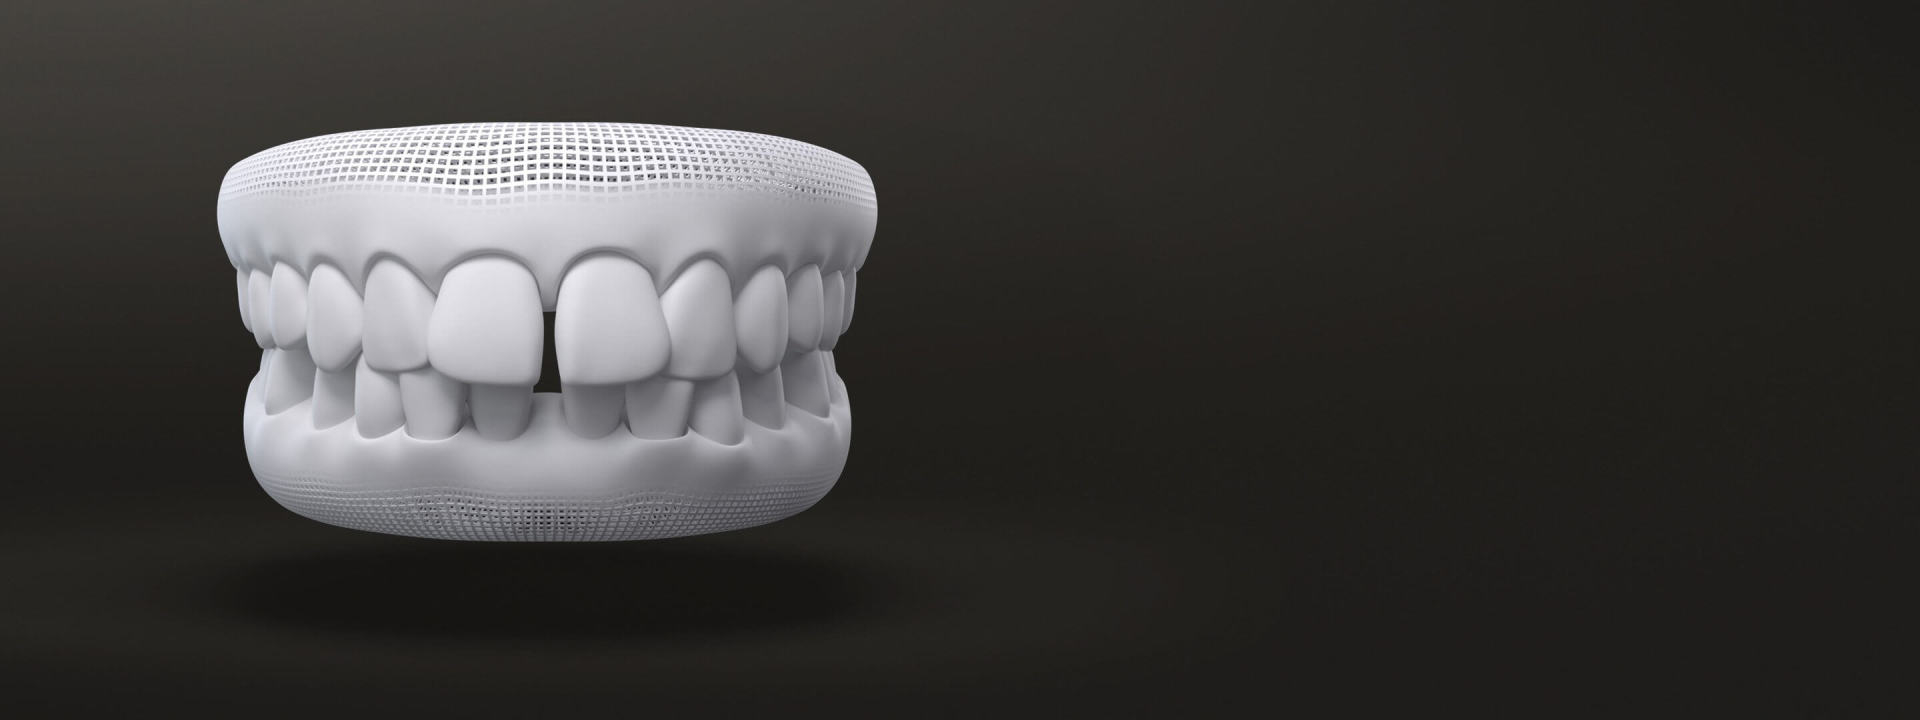 Gap teeth 3d model - Invisalign treatments - UK
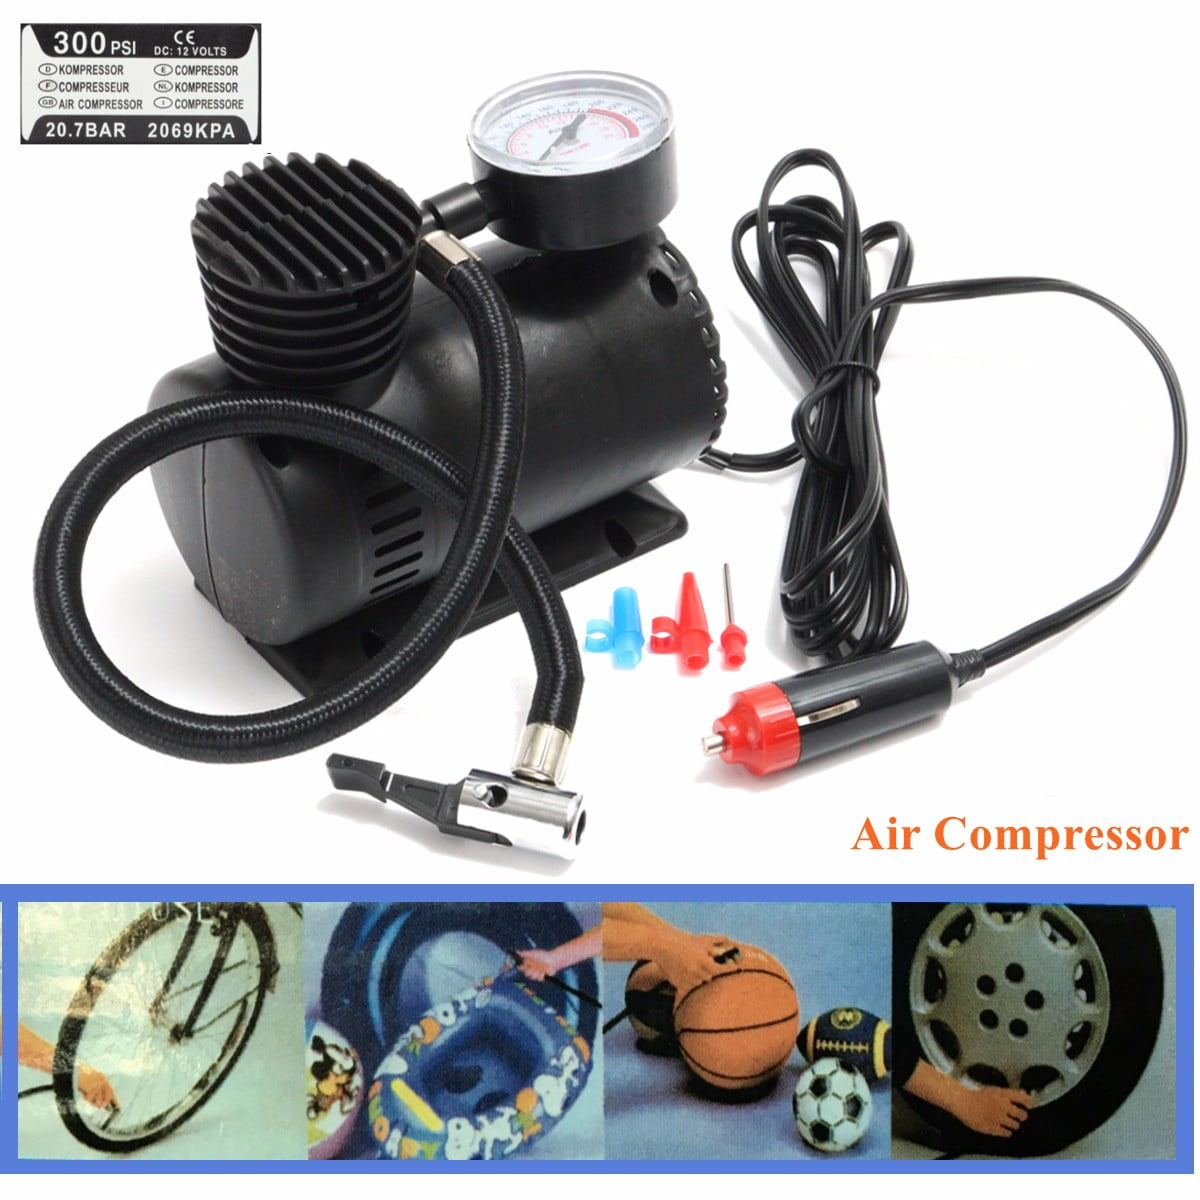 Details about   Electric Auto Car Tire Inflator Air Pump Compressor Portable 12V DC 150-300 PSI 
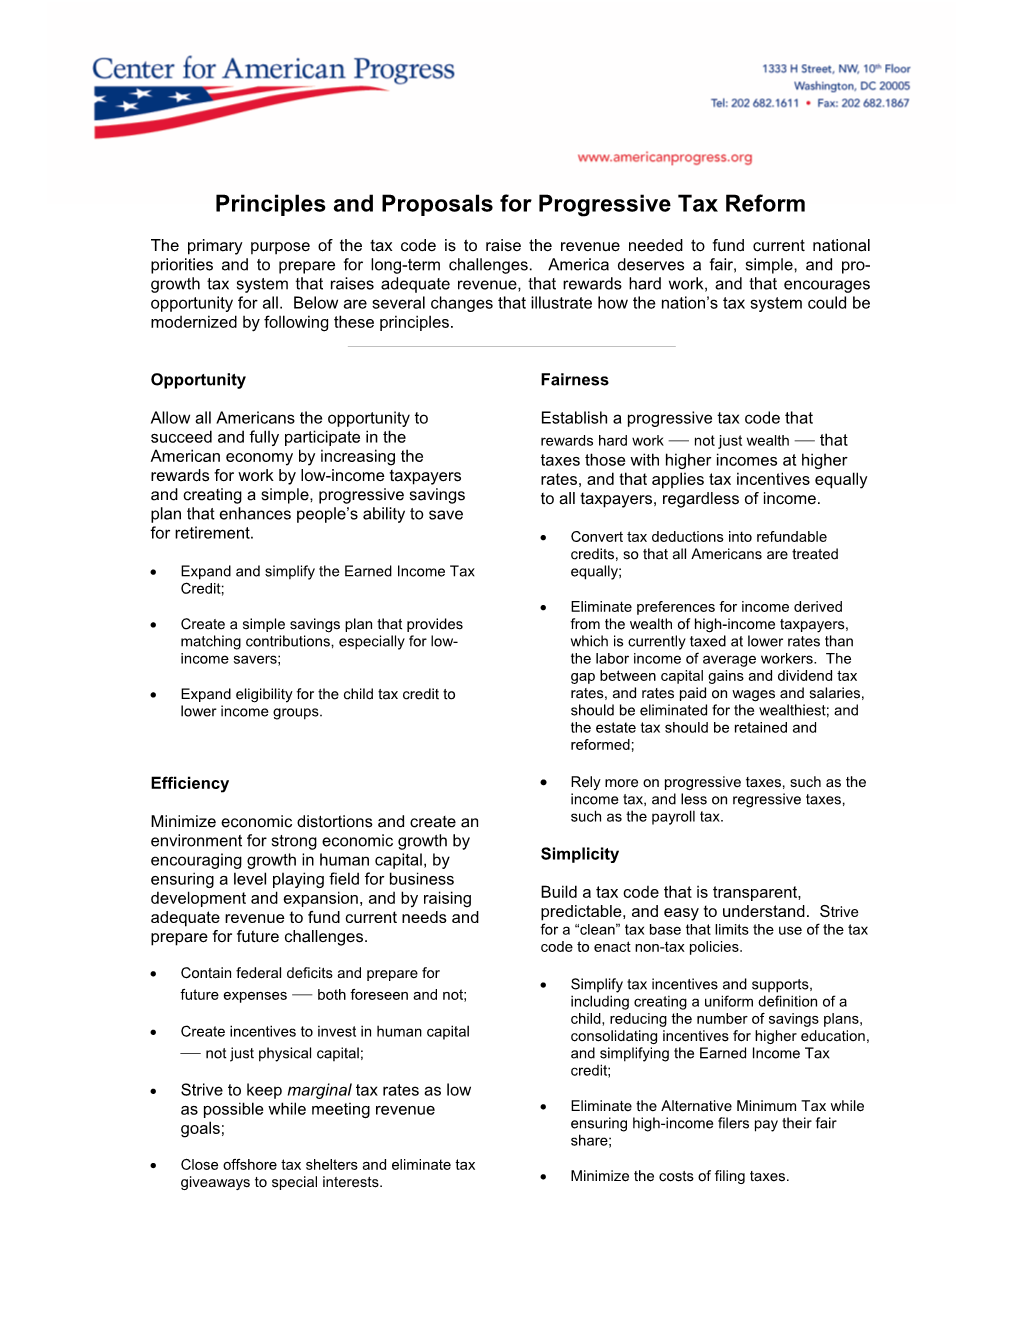 Principles for Progressive Tax Refom
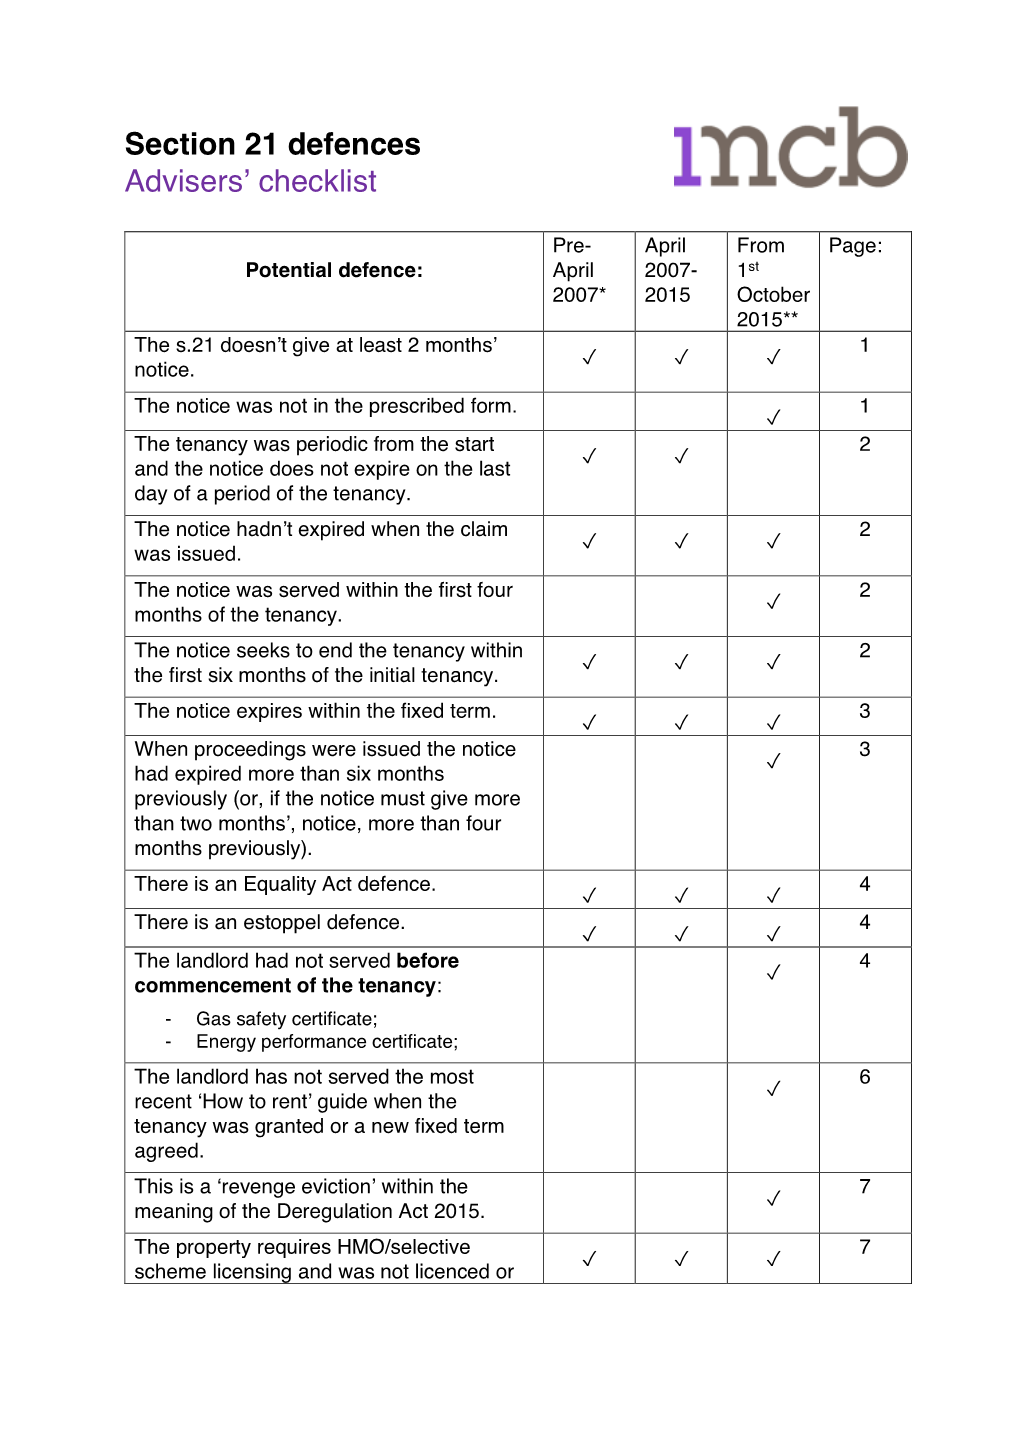 Section 21 Defences Advisers' Checklist

◆ ◆ ◆ ◆ ◆

- [WHAT TO WORK ON] The data above must be reproduced exactly, without any of its pictures.

- [ANSWER SECTION]
 Gap teeth 3d model - Invisalign treatments - UK
 Details about   Electric Auto Car Tire Inflator Air Pump Compressor Portable 12V DC 150-300 PSI 
 Principles for Progressive Tax Refom
 Section 21 Defences Advisers' Checklist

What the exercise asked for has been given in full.